50/50. My therapist helped me figure this out about two weeks before my husband and I were heading back to Texas to get married. She pointed out that in my desperation to have the perfect relationship with my mom, I was putting about 95% of myself into it and my mom was only doing about 5%. This was problematic because it was leaving me drained, and I can’t possibly put that much into a relationship that is giving me nothing back. I can’t do her work in our relationship. I can only do my part, my 50%. She was responsible for the other 50% and if she chose to only put in 5%, well, that was her prerogative. I had the knowledge that I had done my part. This was revolutionary to me and has completely changed the way I try to relate to my mom. Even at the wedding, two weeks from that appointment. My husband kept chanting in my ear, “Your 50, your 50, your 50,” when he would see me becoming despondent because of something she said or did or didn’t say or do.
Be present. Seriously. There was literally nothing that I could do. I had done all that I could. As I said, my mom has her own set of problems, and I cannot do anything about them nor be responsible for them. I decided to be present in my life, at my wedding. I had decided to continue forward even though it is painful. I recognize that pain (see below) but try my best not to dwell on it.

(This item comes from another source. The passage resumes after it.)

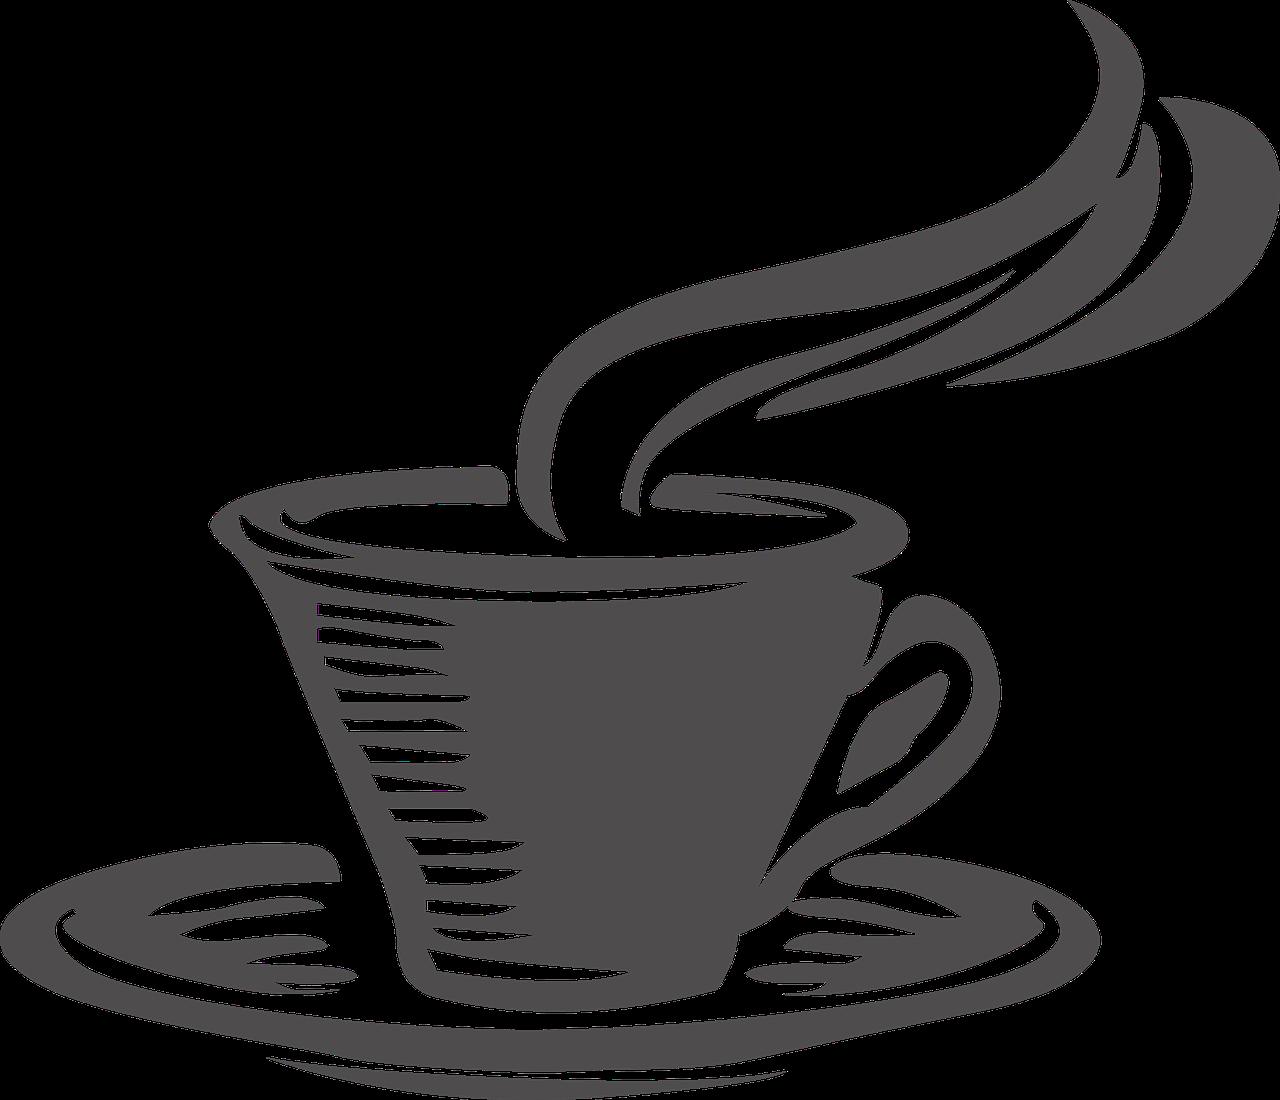 Mug clipart coffee bagel. Cup tea cafe clip

Don’t ignore your emotions. Don’t ignore your logic. One of our biggest problems in society is our tendency to ignore our emotions. My mom being emotionally unavailable for this whole process was awful. It was completely devastating. I was allowed to feel sad and devastated about it. And I was allowed to feel that way every time something happened. But I really struggled with this. I felt like I should have known this was always going to happen, so I didn’t allow myself to feel sad or cry or feel angry about it. Instead, I kept putting myself in the way of being re-hurt by her (those invitations!). Try not to do that. Don’t ignore that feeling to cry. Try not to allow that devastation to help you put yourself in a position to be hurt again. Set those boundaries and keep to them. And be sad because you have to have them.
I am now three years and some change past our wedding. I contacted Meg in 2011 about wanting to write this post, and it took me this long to finish it. Part of the reason why is because I felt I needed to be in a place where I was neither devastated nor rage-full when I thought about the wedding and my mom. As I said, our relationship is getting better. But, I still practice every one of these things with her. For example, I do not allow us to get into the details of the wedding, because she remembers it all completely differently (I shut her out). Rather, we talk about the kindness of others, the (happy) emotions of the day (carefully), and our shared frustrations (my photographer failed to take any pictures of the ceremony). Our relationship is better for these boundaries and invisible rules. In a way, wedding planning was a turning point, just maybe not the way I had expected.
I want to say, though, that if you are feeling this way, know that I’m so sorry you’re expectations of the relationships while wedding planning aren’t being realized. I also want you to know that you are not alone. You have people who love you and want to be there for you. And you are a wonderful person. Protect yourself and love yourself and move forward. I’m sending you virtual hugs.